PROBLEM DESCRIPTION>
Retype the records below from their first line through the line containing "Luftaufnahme einer Person, die", and include nothing else.

INFORMATION>
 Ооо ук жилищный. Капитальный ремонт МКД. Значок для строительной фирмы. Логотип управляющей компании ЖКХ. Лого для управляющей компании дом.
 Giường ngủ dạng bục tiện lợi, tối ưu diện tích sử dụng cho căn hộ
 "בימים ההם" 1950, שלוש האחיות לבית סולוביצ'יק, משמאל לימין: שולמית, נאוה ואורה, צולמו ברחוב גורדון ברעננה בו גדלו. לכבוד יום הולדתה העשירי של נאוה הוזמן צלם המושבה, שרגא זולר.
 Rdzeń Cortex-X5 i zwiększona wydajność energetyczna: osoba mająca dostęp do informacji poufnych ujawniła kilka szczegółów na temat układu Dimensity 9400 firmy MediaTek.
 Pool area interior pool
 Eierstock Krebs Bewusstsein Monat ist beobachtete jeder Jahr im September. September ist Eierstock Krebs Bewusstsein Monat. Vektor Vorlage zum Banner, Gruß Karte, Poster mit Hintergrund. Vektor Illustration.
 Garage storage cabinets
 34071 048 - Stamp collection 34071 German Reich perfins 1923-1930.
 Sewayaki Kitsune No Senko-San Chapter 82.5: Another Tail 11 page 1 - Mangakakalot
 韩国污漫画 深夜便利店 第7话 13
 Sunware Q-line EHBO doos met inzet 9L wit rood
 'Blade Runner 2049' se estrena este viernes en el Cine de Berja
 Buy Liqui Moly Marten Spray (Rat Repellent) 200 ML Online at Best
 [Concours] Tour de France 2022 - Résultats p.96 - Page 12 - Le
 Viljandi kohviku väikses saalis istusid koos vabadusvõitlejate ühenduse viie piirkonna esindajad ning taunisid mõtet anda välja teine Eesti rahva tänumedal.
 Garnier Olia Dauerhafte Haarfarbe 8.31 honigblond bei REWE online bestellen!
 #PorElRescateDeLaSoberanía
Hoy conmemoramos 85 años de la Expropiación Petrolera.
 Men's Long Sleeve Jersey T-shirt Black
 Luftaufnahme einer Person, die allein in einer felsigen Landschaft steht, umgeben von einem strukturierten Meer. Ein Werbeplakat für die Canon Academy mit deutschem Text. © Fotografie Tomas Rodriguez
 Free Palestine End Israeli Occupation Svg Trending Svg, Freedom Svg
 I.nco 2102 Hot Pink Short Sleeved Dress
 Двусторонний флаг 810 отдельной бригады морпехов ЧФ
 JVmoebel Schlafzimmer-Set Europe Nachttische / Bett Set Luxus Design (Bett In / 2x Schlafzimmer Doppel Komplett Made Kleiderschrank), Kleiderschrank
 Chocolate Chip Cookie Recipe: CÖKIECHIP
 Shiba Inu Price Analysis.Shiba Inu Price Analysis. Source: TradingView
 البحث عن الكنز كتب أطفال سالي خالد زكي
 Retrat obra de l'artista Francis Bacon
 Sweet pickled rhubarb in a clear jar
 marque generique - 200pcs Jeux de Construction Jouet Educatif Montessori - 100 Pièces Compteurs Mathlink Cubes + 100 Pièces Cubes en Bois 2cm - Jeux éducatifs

TASK RESPONSE>
 Ооо ук жилищный. Капитальный ремонт МКД. Значок для строительной фирмы. Логотип управляющей компании ЖКХ. Лого для управляющей компании дом.
 Giường ngủ dạng bục tiện lợi, tối ưu diện tích sử dụng cho căn hộ
 "בימים ההם" 1950, שלוש האחיות לבית סולוביצ'יק, משמאל לימין: שולמית, נאוה ואורה, צולמו ברחוב גורדון ברעננה בו גדלו. לכבוד יום הולדתה העשירי של נאוה הוזמן צלם המושבה, שרגא זולר.
 Rdzeń Cortex-X5 i zwiększona wydajność energetyczna: osoba mająca dostęp do informacji poufnych ujawniła kilka szczegółów na temat układu Dimensity 9400 firmy MediaTek.
 Pool area interior pool
 Eierstock Krebs Bewusstsein Monat ist beobachtete jeder Jahr im September. September ist Eierstock Krebs Bewusstsein Monat. Vektor Vorlage zum Banner, Gruß Karte, Poster mit Hintergrund. Vektor Illustration.
 Garage storage cabinets
 34071 048 - Stamp collection 34071 German Reich perfins 1923-1930.
 Sewayaki Kitsune No Senko-San Chapter 82.5: Another Tail 11 page 1 - Mangakakalot
 韩国污漫画 深夜便利店 第7话 13
 Sunware Q-line EHBO doos met inzet 9L wit rood
 'Blade Runner 2049' se estrena este viernes en el Cine de Berja
 Buy Liqui Moly Marten Spray (Rat Repellent) 200 ML Online at Best
 [Concours] Tour de France 2022 - Résultats p.96 - Page 12 - Le
 Viljandi kohviku väikses saalis istusid koos vabadusvõitlejate ühenduse viie piirkonna esindajad ning taunisid mõtet anda välja teine Eesti rahva tänumedal.
 Garnier Olia Dauerhafte Haarfarbe 8.31 honigblond bei REWE online bestellen!
 #PorElRescateDeLaSoberanía
Hoy conmemoramos 85 años de la Expropiación Petrolera.
 Men's Long Sleeve Jersey T-shirt Black
 Luftaufnahme einer Person, die allein in einer felsigen Landschaft steht, umgeben von einem strukturierten Meer. Ein Werbeplakat für die Canon Academy mit deutschem Text. © Fotografie Tomas Rodriguez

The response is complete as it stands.